Caere - (ant. geogr.), stad in Z. Etrurië, oorspr. Agylla; toevluchtsoord der Vestaalsche maagden en der sacra tijdens den inval der Galliërs (ca. 400 v. Chr.). Met de inwoners, de Caérites, werd na den oorlog een verbond van gastvriendschap, hospitium, gesloten.
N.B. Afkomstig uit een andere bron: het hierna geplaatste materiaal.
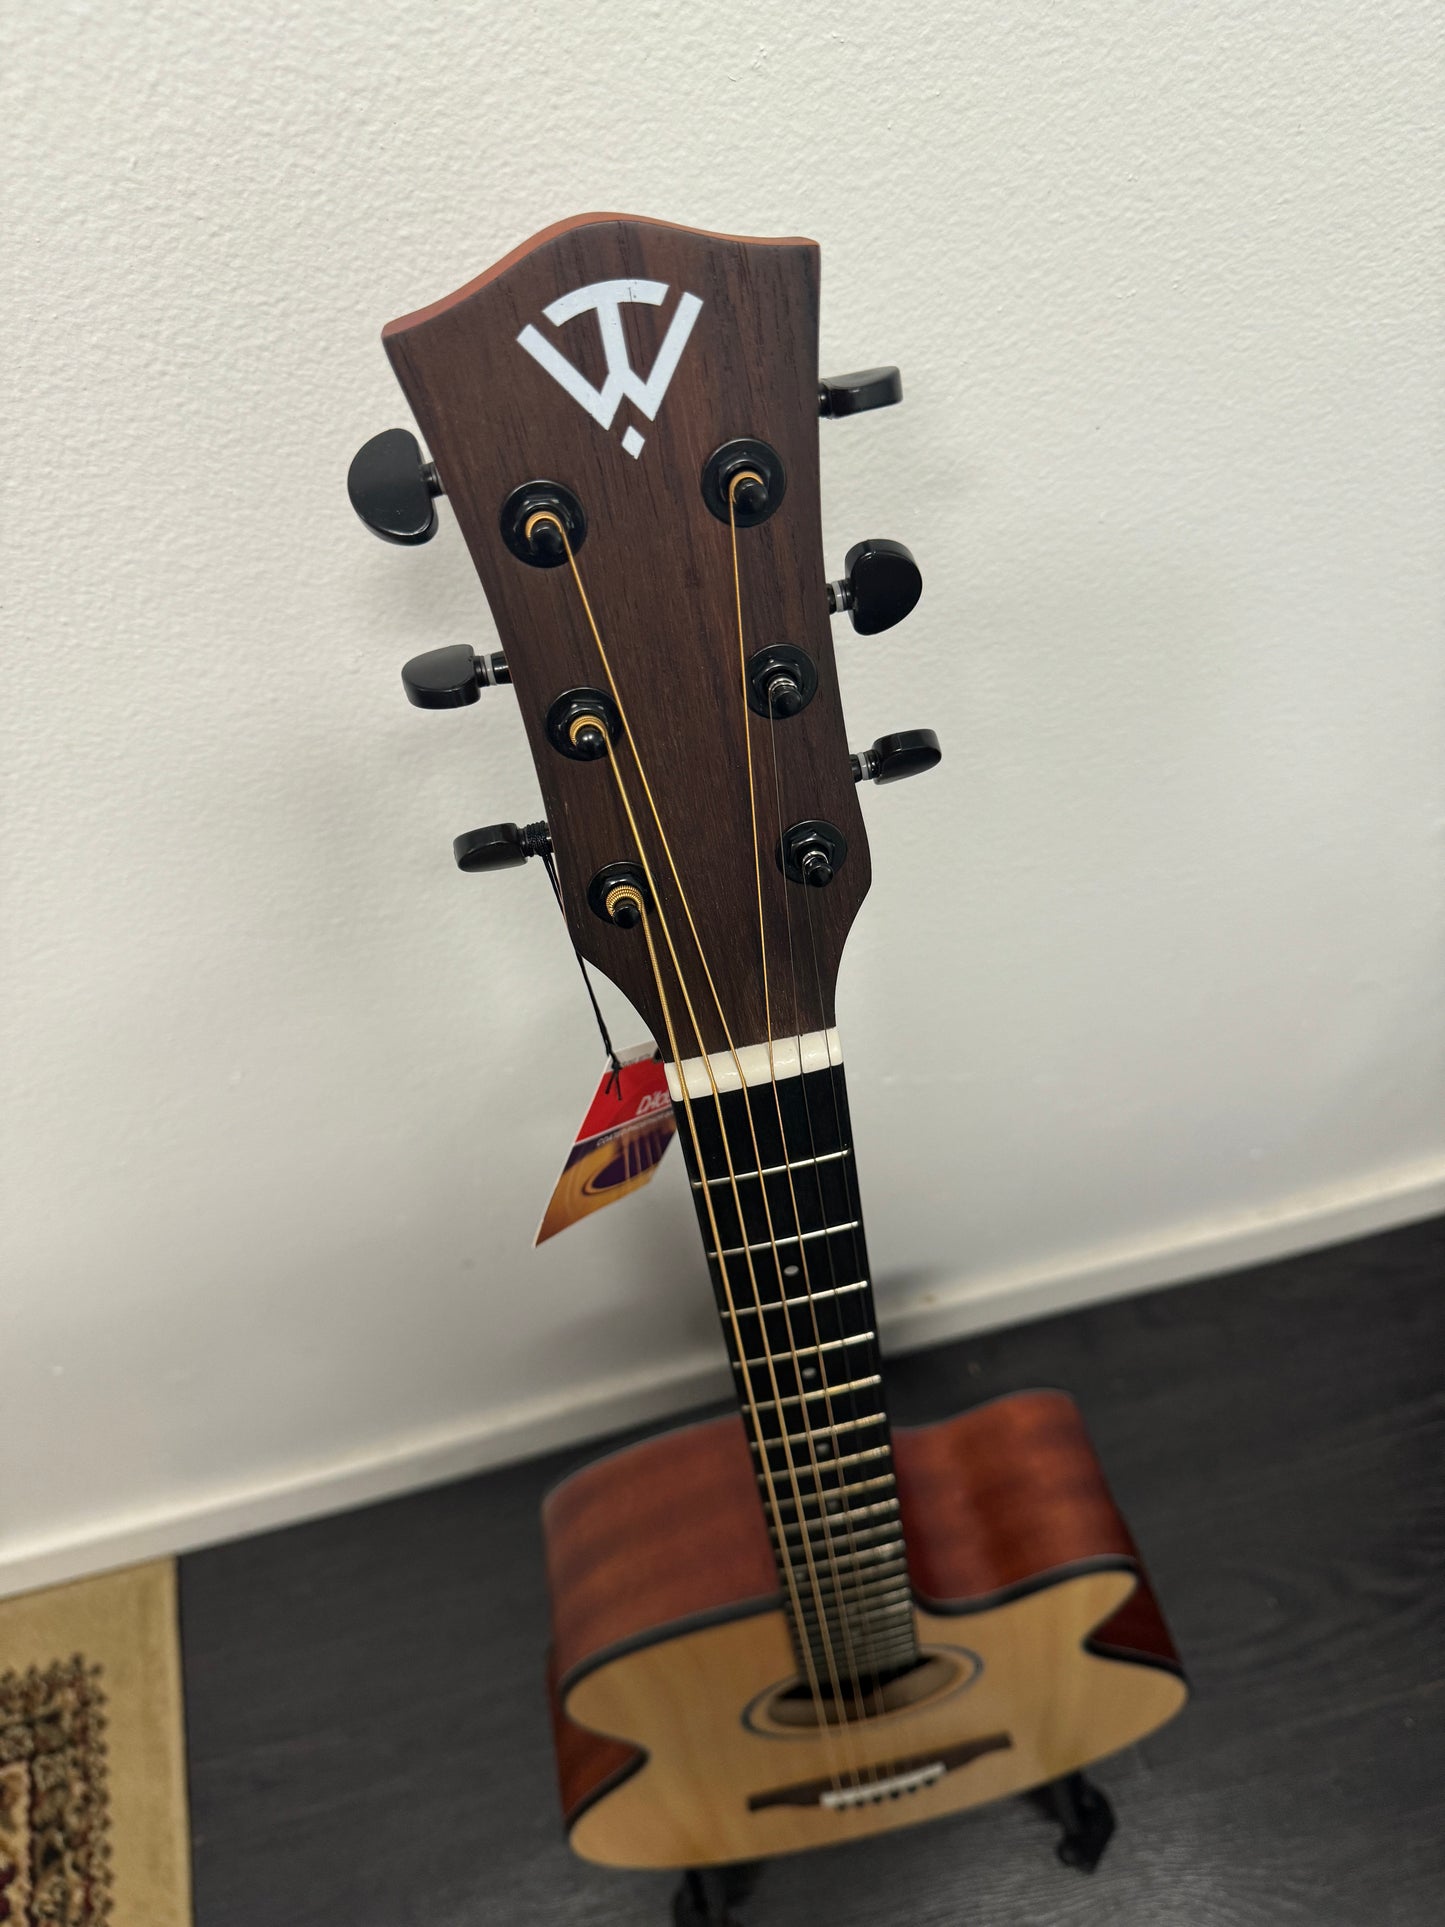 Twisted Wood Drifter Series Acoustic Guitar DR-240-CS

In 353 v. Chr. vielen de Caerites van Rome af. Na hun onderwerping verloren zij hun politieke zelfstandigheid; zij stonden buiten de tribus, waren van het actief en passief kiesrecht verstoken (cives sine suffragio) en dus zonder invloed op de staatszaken. Caere was de eerste staat, die in zulk een verhouding tot Rome kwam. De uitdrukking: in tabu1as Caeritum (of: in Caerites) referri beteekende: opgenomen worden op de lijsten der Caerites en was synoniem met → aerarius worden. “Davids”.
Behalve het theater met inscripties en keizerstandbeelden is er van de oude bouwruïnen weinig over. Kostbare vindplaatsen vormen echter de necropolen: ten N.W. van de stad o.a. het rotsgraf van de Tarchna-Tarquinii; zij leveren merkwaardige architectonische en decoratieve details; interessante reliëfs bijv. in de Grotta dei Bassirilievi; het voornaamste graf, het zgn. Regolini-Gelassigraf (aldus genoemd naar de ontdekkers), ligt ten Z.W. van de stad: een langwerpige rotskamer met pleisterwerk, waarin o.a. zilveren bekers met reliëfwerk en gouden sieraden werden gevonden.
Lit.: Randall Mac Iver, Villanovans and Early Etruscans (1924); Studi Etrusci (1927); P. Ducati, Etruria antica (1925). “W. Vermeulen”.